Each row in ‘CVlikelihood’ represents the CV likelihood of one fold and each column is for specified rank (from 1 to 6). The median CV likelihood reaches its maximum value when rank equals to 3 in Figure 3, which is the rank we used to generate the simulation data.

Usage of cv_ZIPFA():

  [cvsample,Allres] = cv_ZIPFA (X, k)

  [cvsample,Allres] = cv_ZIPFA (X, k, fold, tau)

  [cvsample,Allres] = cv_ZIPFA (X, k, ‘cut’, 1)

  [cvsample,Allres] = cv_ZIPFA (X, k, ‘display’, false, ‘savemat’, true, …)

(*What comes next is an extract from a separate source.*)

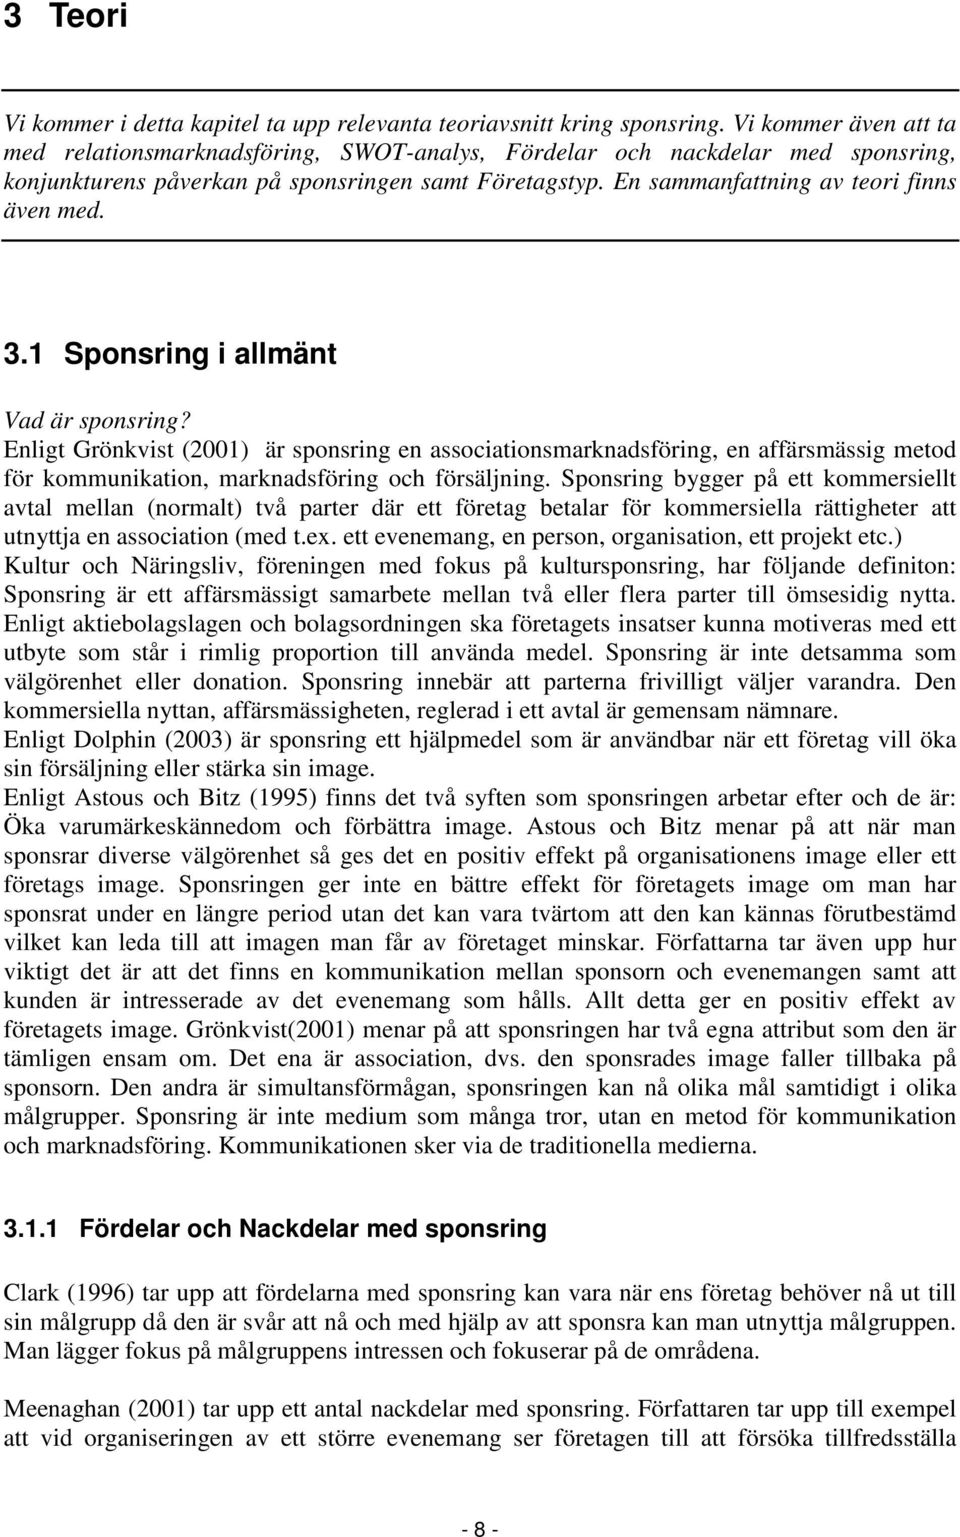 3.1 Sponsring i allmänt Vad är sponsring? Enligt Grönkvist (2001) är sponsring en associationsmarknadsföring, en affärsmässig metod för kommunikation, marknadsföring och försäljning.

– X: The matrix to be decomposed.
– k: The number of factors. It can be a vector.
– fold (10): The number of folds used in cross validation.
– tau (0.1): The initial guess for tau.
– ‘cut’ (0.8): Whether to delete columns that has more than 100(‘cut’)% zeros. ‘Cut’ = 1, if no filtering.
– ‘tolLnlikelihood’ (5e-4): The max percentage of log likelihood differences in two iterations.
– ‘iter’ (20): Max iterations.
– ‘tol’ (1e-4): Percentage of l2 norm change of [tau beta] in ZIP regression.
– ‘maxiter’ (100): Max iterations in ZIP regression.
– ‘initialtau’ (‘iteration’): Choose the initial value of tau at the beginning of EM iteration in ZIP regression.
      ‘stable’: estimate tau from fitted beta in last round;
      ‘initial’: always use the initially assigned tau in ‘tau’ or ‘initial’;
          Use the default tau = 0.1 if ‘initial’ is empty.
      ‘iteration’: use fitted tau in last round.
– ‘Madj’ (true): Whether adjust for relative library size M.
– ‘display’ (true): Display the fitting procedure. Info in ZIPFA will not be shown in ‘Parallel’ mode even ‘Display’ is true.
– ‘savemat’ (false): Whether to save ZIPFA results in all factor numbers and each
– ‘parallel’ (true): Use parallel toolbox to accelerate.

Figure 3. CV likelihood vs. number of ranks

The variable ‘cvsample’ in workspace is the assignment of each fold in the cross validation. cv_ZIPFA() generates ‘cvsample’ before it fits the model if there is no variable called ‘cvsample’ in the workspace.

You can also assign your own assignment of each fold like this:

  % create 'cvsample' for 10 folds
cvsample = repmat(1:10, 200*100/10,1);
cvsample = randsample(cvsample(:), 200*100);
cvsample = reshape(cvsample, 200, 100);

>> [~,CVlikelihood7]=cv_ZIPFA(X,7,10,'Madj',false,'display',false,'parallel',false);
Use existing cvsample!

The function will prompt that we are using the exsting ‘cvsample’.